## Exercise materials
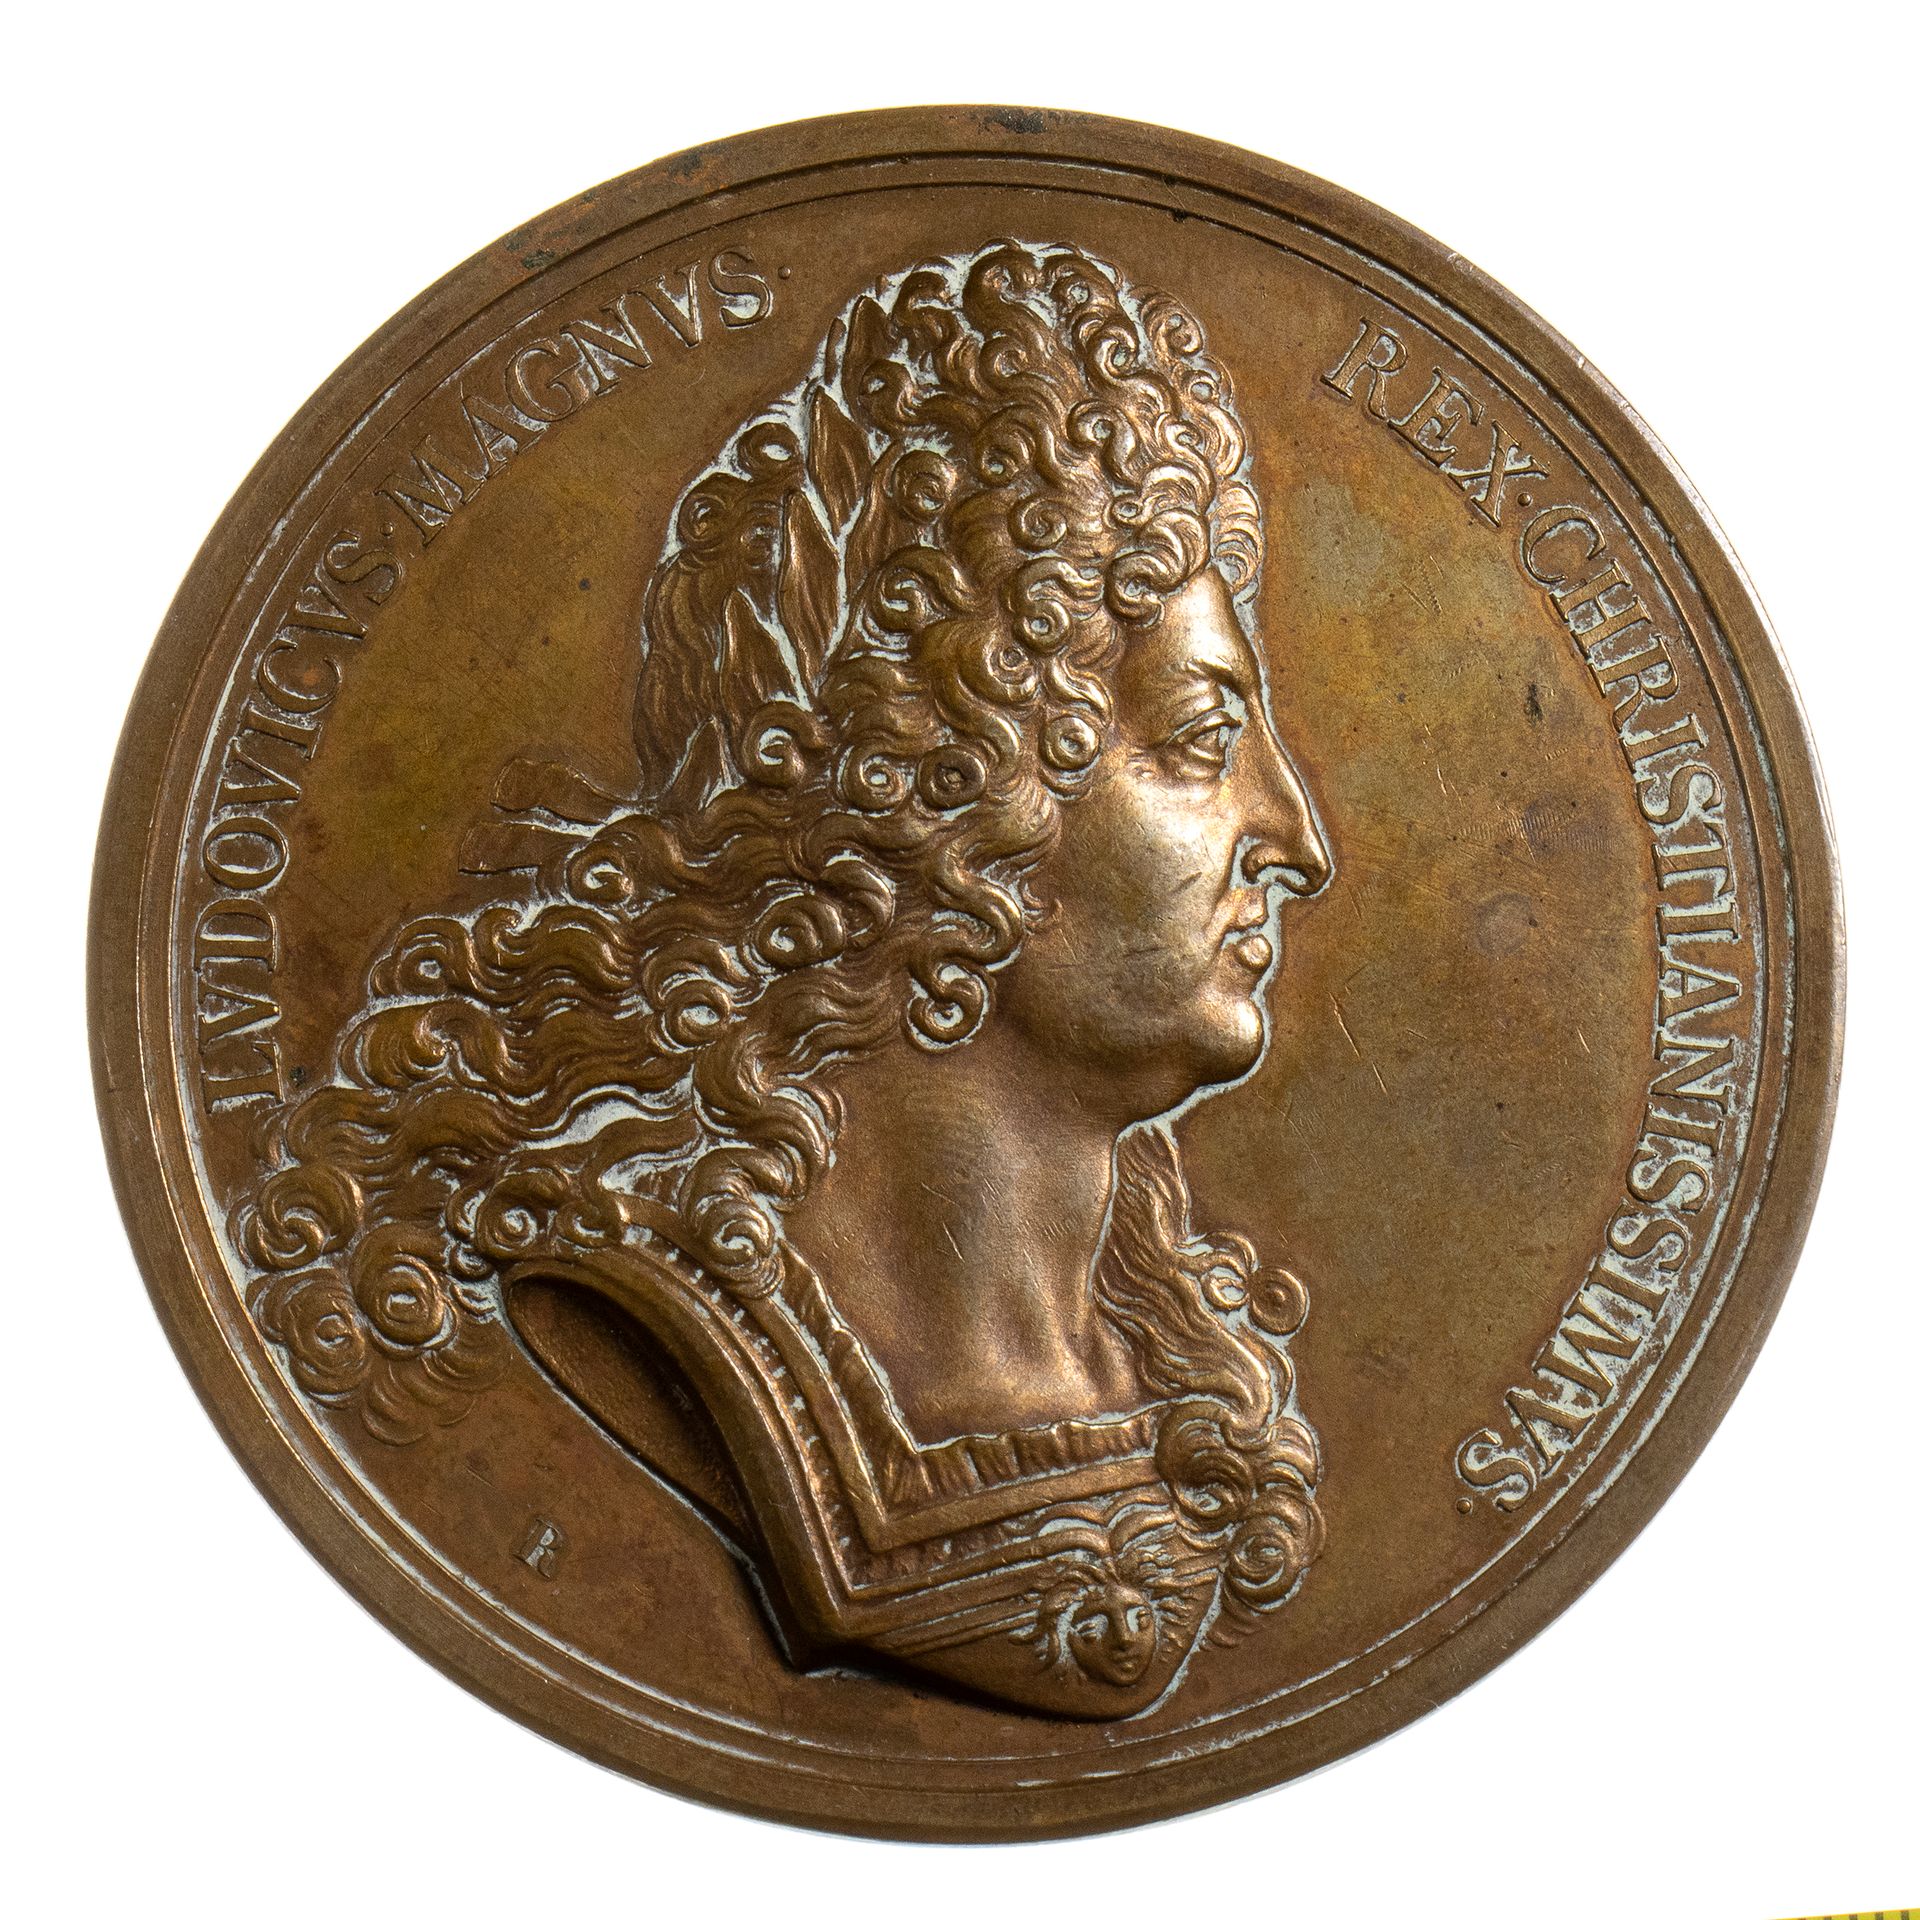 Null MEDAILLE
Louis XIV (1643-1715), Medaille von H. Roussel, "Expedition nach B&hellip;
==
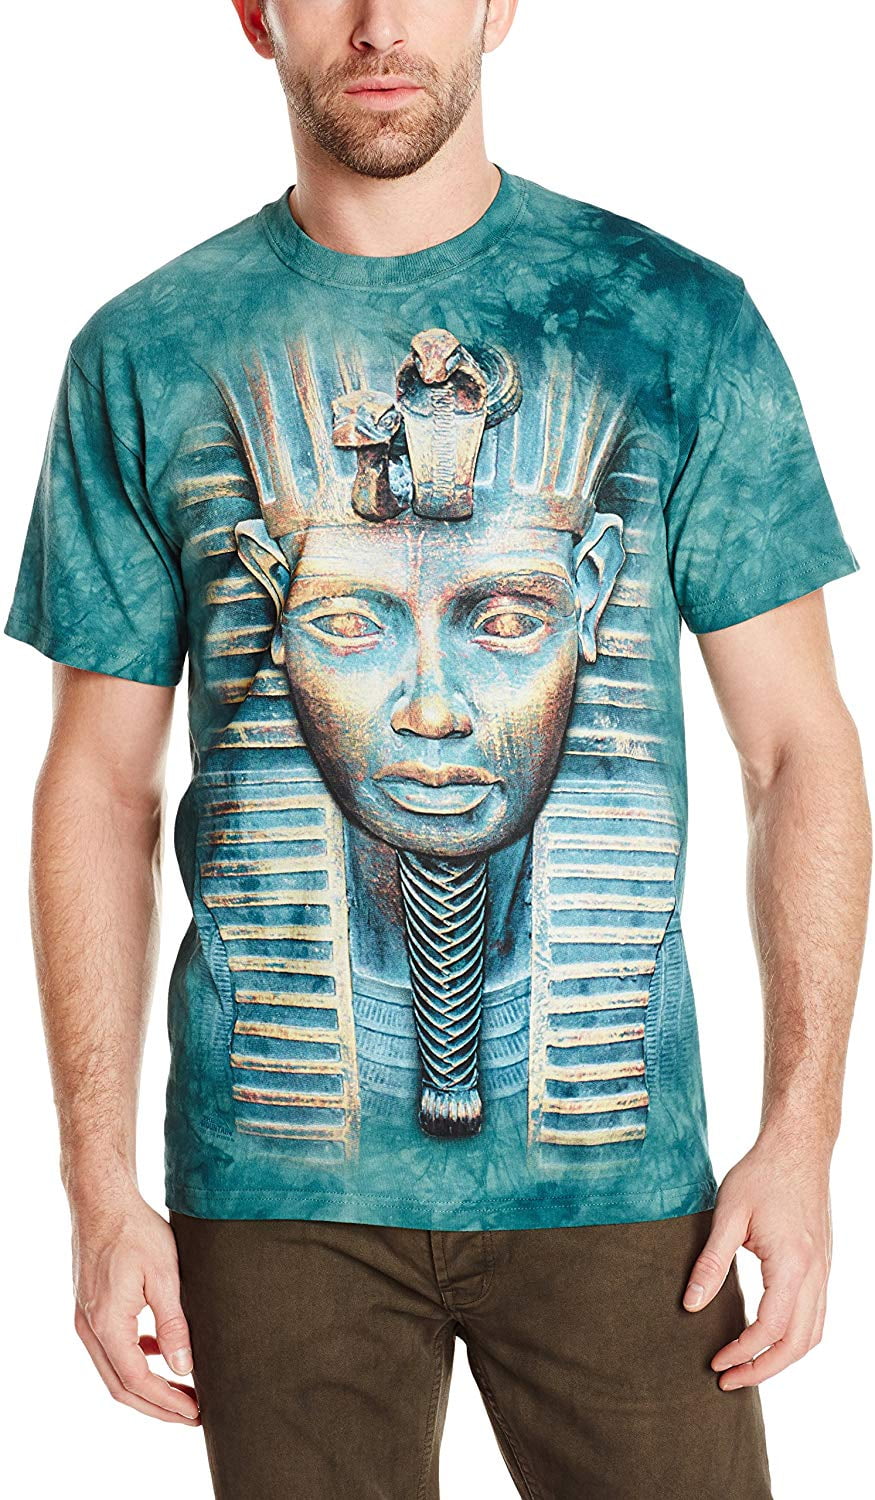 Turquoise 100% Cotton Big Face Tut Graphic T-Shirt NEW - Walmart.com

## Task
Looking at the listing above, which lines run from the one containing "Null MEDAILLE" through the one containing "Louis XIV (1643-1715), Medaille"? Print exactly those, ends included, pictures excluded.

## Expected output
 Null MEDAILLE
Louis XIV (1643-1715), Medaille von H. Roussel, "Expedition nach B&hellip;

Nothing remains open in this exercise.